On 06/15/2012 02:42 PM, Eric Blake wrote:
> On 06/15/2012 12:16 PM, Corey Bryant wrote:
>
>>> I think you need to honor flags so that the end use of the fd will be as
>>> if qemu had directly opened the file, rather than just doing a blind dup
>>> with a resulting fd that is in a different state than the caller
>>> expected.  I can think of at least the following cases (there may be
>>> more):
>>
>> I was thinking libvirt would handle all the flag settings on open
>> (obviously since that's how I coded it).  I think you're right with this
>> approach though as QEMU will re-open the same file various times with
>> different flags.
>
> How will libvirt know whether qemu wanted to open a file with O_TRUNCATE
> vs. reusing an entire file, or with O_NONBLOCK or not, and so forth?  I
> think there are just too many qmeu_open() calls with different flags to
> expect libvirt to know how to pre-open all possible fds in such a manner
> that /dev/fd/nnn will be a valid replacement for what qemu would have
> done, in the cases where qemu can instead correct flags itself.
>

I agree completely.

>>
>> There are some flags that I don't think we'll be able to change.  For
>> example: O_RDONLY, O_WRONLY, O_RDWR.  I assume libvirt would open all
>> files O_RDWR.
>
> I agree that this can't be changed, so this is one case where libvirt
> will have to know what the file will used for.  But it is also a case
> where qemu can at least check whether the fd passed in has sufficient
> permissions (fcntl(F_GETFL)) for what qemu wanted to use, and should
> error out here rather than silently succeed here then have a weird EBADF
> failure down the road when the dup'd fd is finally used.  You are right
> that libvirt should always be safe in passing in an O_RDWR fd for
> whatever qemu wants, although that may represent security holes (there's
> reasons for O_RDONLY); and in cases where libvirt is instead passing in
> one end of a pipe, the fd will necessarily be O_RDONLY or O_WRONLY
> (since you can't have an O_RDWR pipe).

Good points.  In addition to flag setting, I'll add some flag checking 
for those flags that can't be set (ie. O_RDONLY, O_WRONLY).

>
>>> Oh, and are we using MSG_CMSG_CLOEXEC where possible (and where not
>>> possible, falling back to fcntl(F_GETFD/F_SETFD) to set FD_CLOEXEC) on
>>> all fds received by 'getfd' and 'pass-fd'?  I can't think of any reason
>>> why 'migrate fd:name' would need to be inheritable, and in the case of
>>> /dev/fd/ parsing, while the dup() result may need to be inheritable, the
>>> original that we are dup'ing from should most certainly be cloexec.
>>
>> It doesn't look like we use MSG_CMSG_CLOEXEC anywhere in QEMU.  I don't
>> think we can modify getfd at this point (compatibility) but we could
>> update pass-fd to set it.  It may make more sense to set it with
>> fcntl(FD_CLOEXEC) in qmp_pass_fd().
>
> That's not atomic.  If we don't care about atomicity (for example, if we
> can guarantee that no other thread in qemu can possibly fork/exec in
> between the monitor thread receiving an fd then converting it to
> cloexec, based on how we hold a mutex), then that's fine.  OR, if we
> make sure _all_ fork() calls sanitize themselves, by closing all fds in
> the getfd/pass-fd list prior to calling exec(), then we don't have to
> even worry about cloexec (but then you have to worry about locking the
> getfd name list, since locking a list to iterate it is not an async-safe
> action and probably can't be done between fork() and exec()).
> Otherwise, using MSG_CMSG_CLOEXEC is the only safe way to avoid leaking
> unintended fds into another thread's child process.
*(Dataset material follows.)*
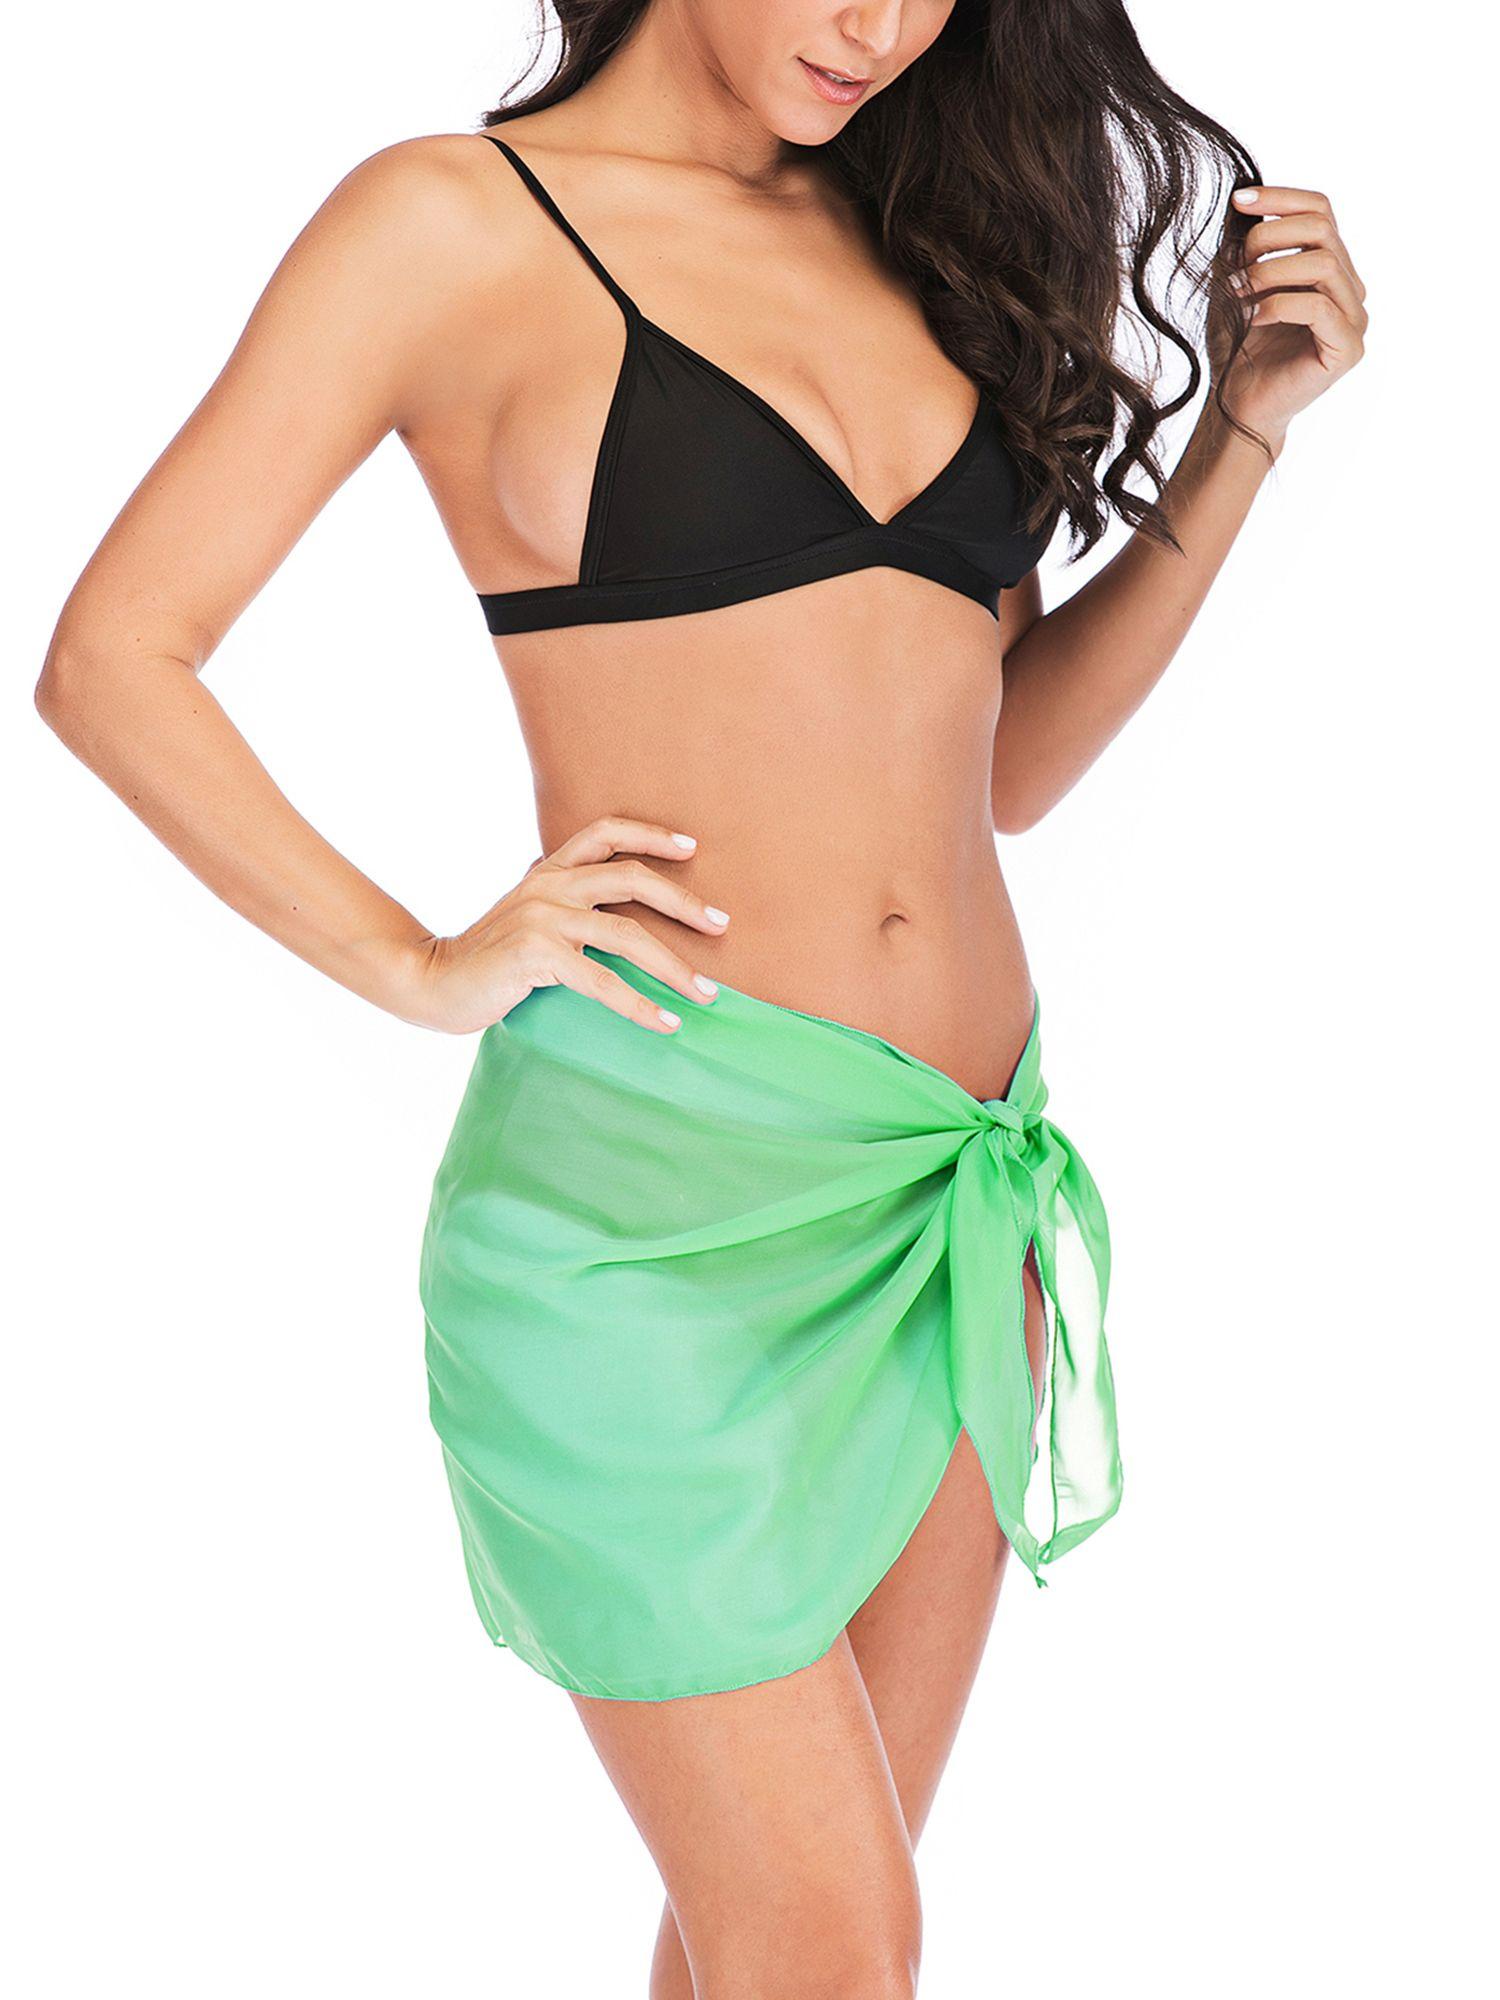 296726cb8dc7d SAYFUT Women s Ice Silk Sexy Spaghetti Strap Backless Beach Dress Swimsuit  Cover Up Bikini Wrap Beachwear

Ok I'm sold.  I'll first look into setting MSG_CMSG_CLOEXEC.

>
>>
>>>
>>> if (flags & O_NONBLOCK)
>>>      use fcntl(F_GETFL/F_SETFL) to set O_NONBLOCK
>>> else
>>>      use fcntl(F_GETFL/F_SETFL) to clear O_NONBLOCK
>>>
>>> or maybe we document that callers of pass-fd must always pass fds with
>>> O_NONBLOCK clear instead of clearing it ourselves.  Or maybe we make
>>> sure part of the process of tying name with fd in the lookup list of
>>> named fds is determining the current O_NONBLOCK state in case future
>>> qemu_open() need it in the opposite state.
>>
>> Just documenting it seems error-prone.  Why not just set/clear it based
>> on the flag passed to qemu_open?
>
> Yep, back to my argument that making libvirt have to know every context
> that qemu will want to open, and what flags it would be using in those
> contexts, is painful compared to having qemu just do the right thing in
> the first place, or gracefully erroring out right away at the point of
> the qemu_open(/dev/fd/nnn).
>

I agree.
Corey Bryant - June 15, 2012, 7:19 p.m.
On 06/15/2012 02:46 PM, Kevin Wolf wrote:
> Am 15.06.2012 20:16, schrieb Corey Bryant:
>>
>>
>> On 06/15/2012 11:16 AM, Eric Blake wrote:
>>> On 06/14/2012 09:55 AM, Corey Bryant wrote:
>>>> This patch adds support to qemu_open to dup(fd) a pre-opened file
>>>> descriptor if the filename is of the format /dev/fd/X.
>>>>
>>>
>>>> +++ b/osdep.c
>>>> @@ -82,6 +82,19 @@ int qemu_open(const char *name, int flags, ...)
>>>>        int ret;
>>>>        int mode = 0;
>>>>
>>>> +#ifndef _WIN32
>>>> +    const char *p;
>>>> +
>>>> +    /* Attempt dup of fd for pre-opened file */
>>>> +    if (strstart(name, "/dev/fd/", &p)) {
>>>> +        ret = qemu_parse_fd(p);
>>>> +        if (ret == -1) {
>>>> +            return -1;
>>>> +        }
>>>> +        return dup(ret);
>>>
>>> I think you need to honor flags so that the end use of the fd will be as
>>> if qemu had directly opened the file, rather than just doing a blind dup
>>> with a resulting fd that is in a different state than the caller
>>> expected.  I can think of at least the following cases (there may be more):
>>
>> I was thinking libvirt would handle all the flag settings on open
>> (obviously since that's how I coded it).  I think you're right with this
>> approach though as QEMU will re-open the same file various times with
>> different flags.
>>
>> There are some flags that I don't think we'll be able to change.  For
>> example: O_RDONLY, O_WRONLY, O_RDWR.  I assume libvirt would open all
>> files O_RDWR.
>
> I think we need to check all of them and fail qemu_open() if they don't
> match. Those that qemu can change, should be just changed, of course.
>

Ok.  I remember a scenario where QEMU opens a file read-only (perhaps to 
check headers and determine the file format) before re-opening it 
read-write.  Perhaps this is only when format= isn't specified with 
-drive.  I'm thinking we may need to change flags to read-write where 
they used to be read-only, in some circumstances.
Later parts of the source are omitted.